The Lockean notion of a property right in the fruits of one’s labor should not, in my opinion, ever be relinquished to the authority of the government as a privilege—which is what a monopoly technically is—rather than asserted and protected as an expression of our Natural Rights as individuals.  As May and Cooper demonstrate, both physical and intellectual property act to define and limit the role of government, which is entirely consistent with American constitutionalism, whereas fostering monopolies is anathema to those principles.
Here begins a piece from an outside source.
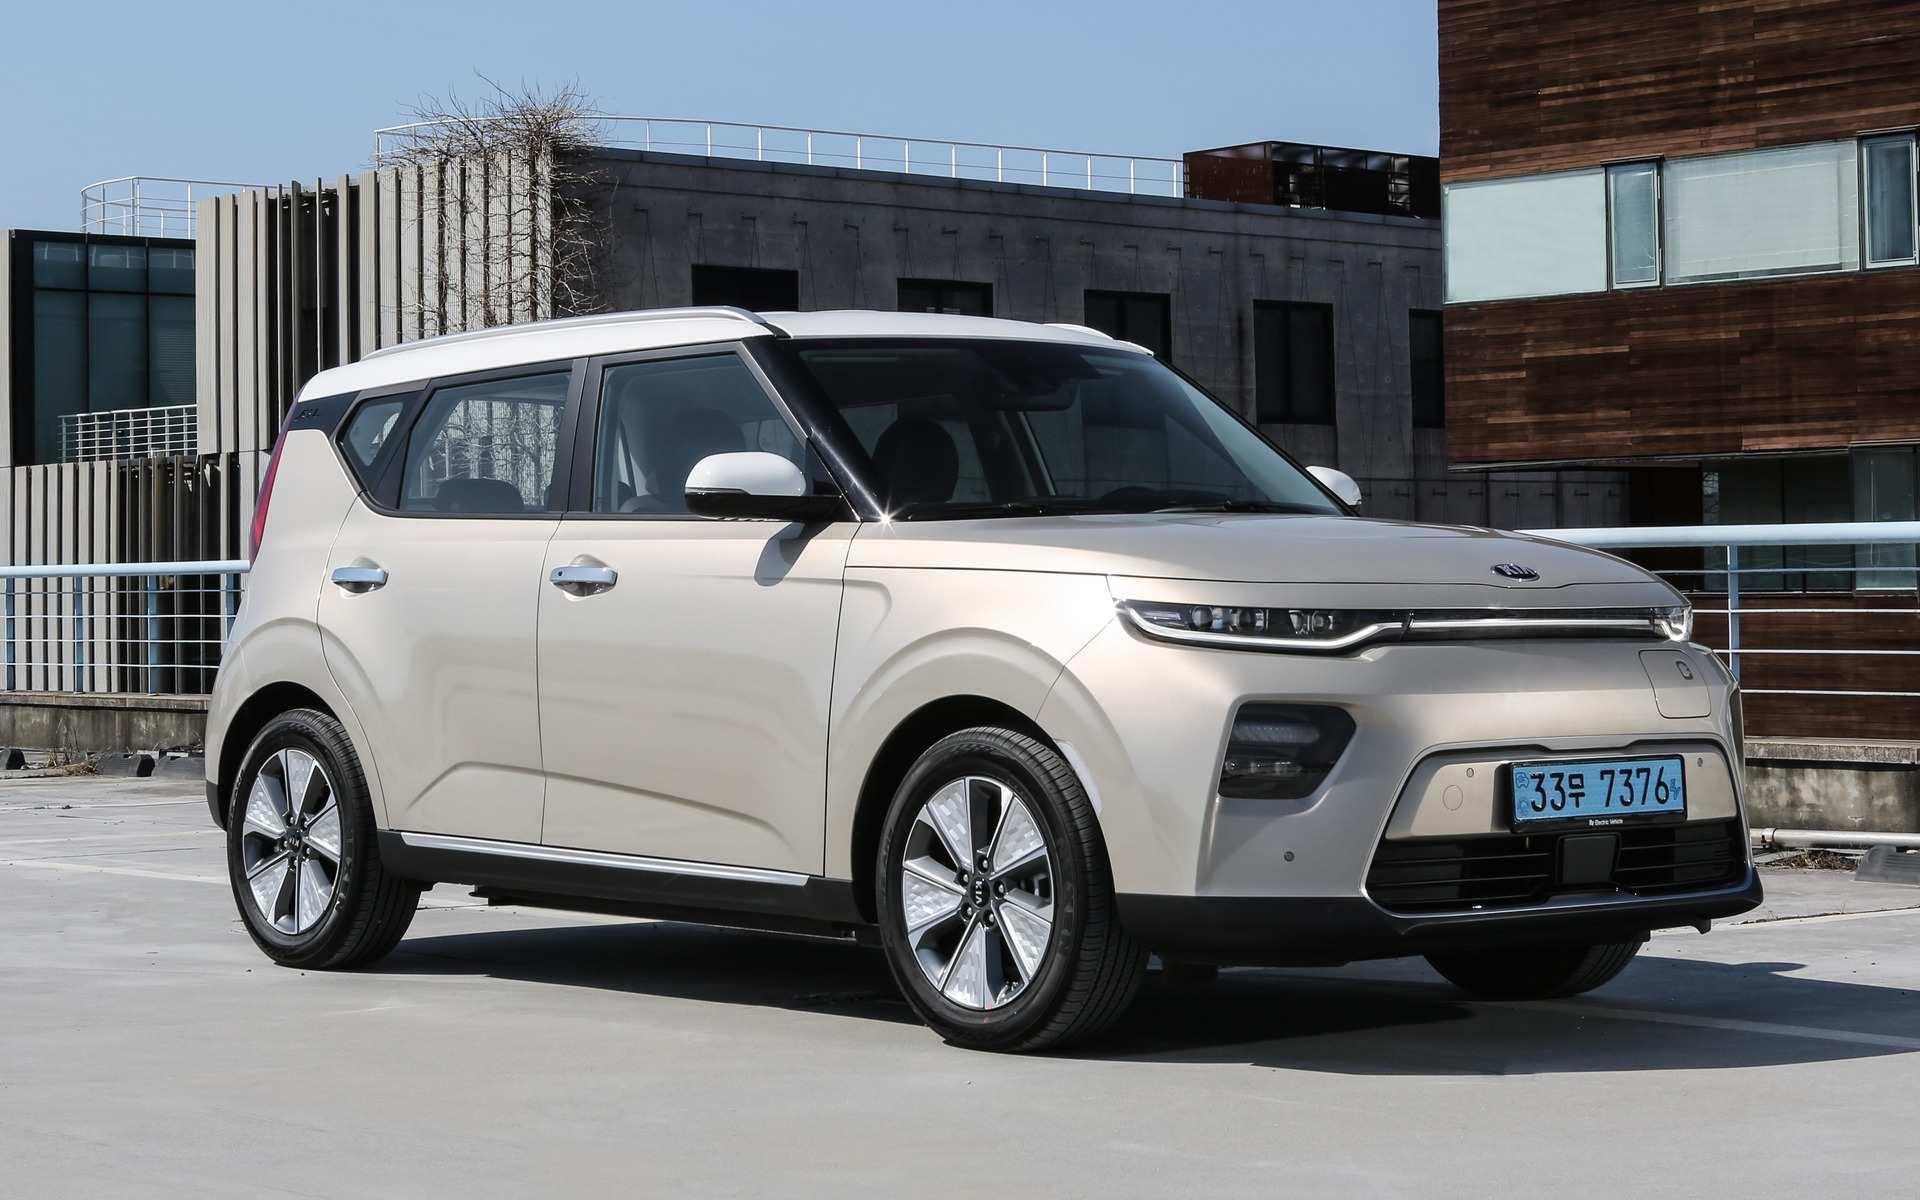 64 All New Kia Electric 2020 Redesign with Kia Electric 2020

Government’s mandate to protect both types of property, the authors argue, acts as a hedge against “centralized decision-making,” which is to say a society that is not composed of free-thinking individuals. There is no question that May and Cooper approach their argument for the foundation of IP from a libertarian/conservative perspective of limiting the power of government; and this is actually refreshing inasmuch as I have never quite understood those academics of the same political stripe, who have lately portrayed copyright as a government-granted privilege.  That seems to me like surrendering considerable ideological territory in a way that is inconsistent with the advocacy of limited government.

At the same time, for those of us who lean more politically left, I would add that I believe the fruits of one’s labor principle also acts to limit the power of capital, which is particularly relevant today when so many people are frustrated to the point of concluding that capitalism is only capable of producing wealth consolidation, a foundering middle class, and corporate control of government itself.  In the same way that I would advocate fixing capitalism rather than throwing out the proverbial baby with the bathwater, I would point out that the fruits of one’s labor concept—as it is specifically expressed through intellectual property—really implies a much larger social contract than the incentives of copyright and patent holders.

The idea that your labor is your own until you provide its fruits in fair trade to someone else is the basis of every hard-won labor and civil right—because these rights are often intertwined—over the worst abuses of either corporate owners or government agencies.  This is also consistent with the views of the Founders, who sought to foster neither an intrusive government nor a new nobility that would give rise to new forms of feudalism.  And because too little of the former provides opportunity for the latter, and vice versa, it is our fate to constantly seek to balance these opposing forces.  Hence, the fruits of labor right vested in every individual citizen acts as a balancing force against both extremes; and IP rights are merely one specific expression of this much larger principle.  Even free speech itself is an extension of this Lockean principle that the individual has a property in his person.

With 1% of the population owning more than 50% of the nation’s wealth; with direct assaults on labor rights in certain regions and economic sectors; with technologies threatening to devalue human work in various ways; and with extreme examples of certain corporate owners getting away with imposing their own morals on employees, this is a terrible time to be calling intellectual property a government granted monopoly.  I would never want to cede the logical conclusion of that argument, to suggest that every citizen’s right to the fruits of his or her labor is in any way a privilege, which may be argued away on the basis of apparent utility alone.  Ultimately, we’re talking about a human right that was forged in the crucible of a century and a half of English civil strife over religion and the divine right of kings.  It may be just a short sentence in the Constitution, but it has a long and bloody intellectual pedigree.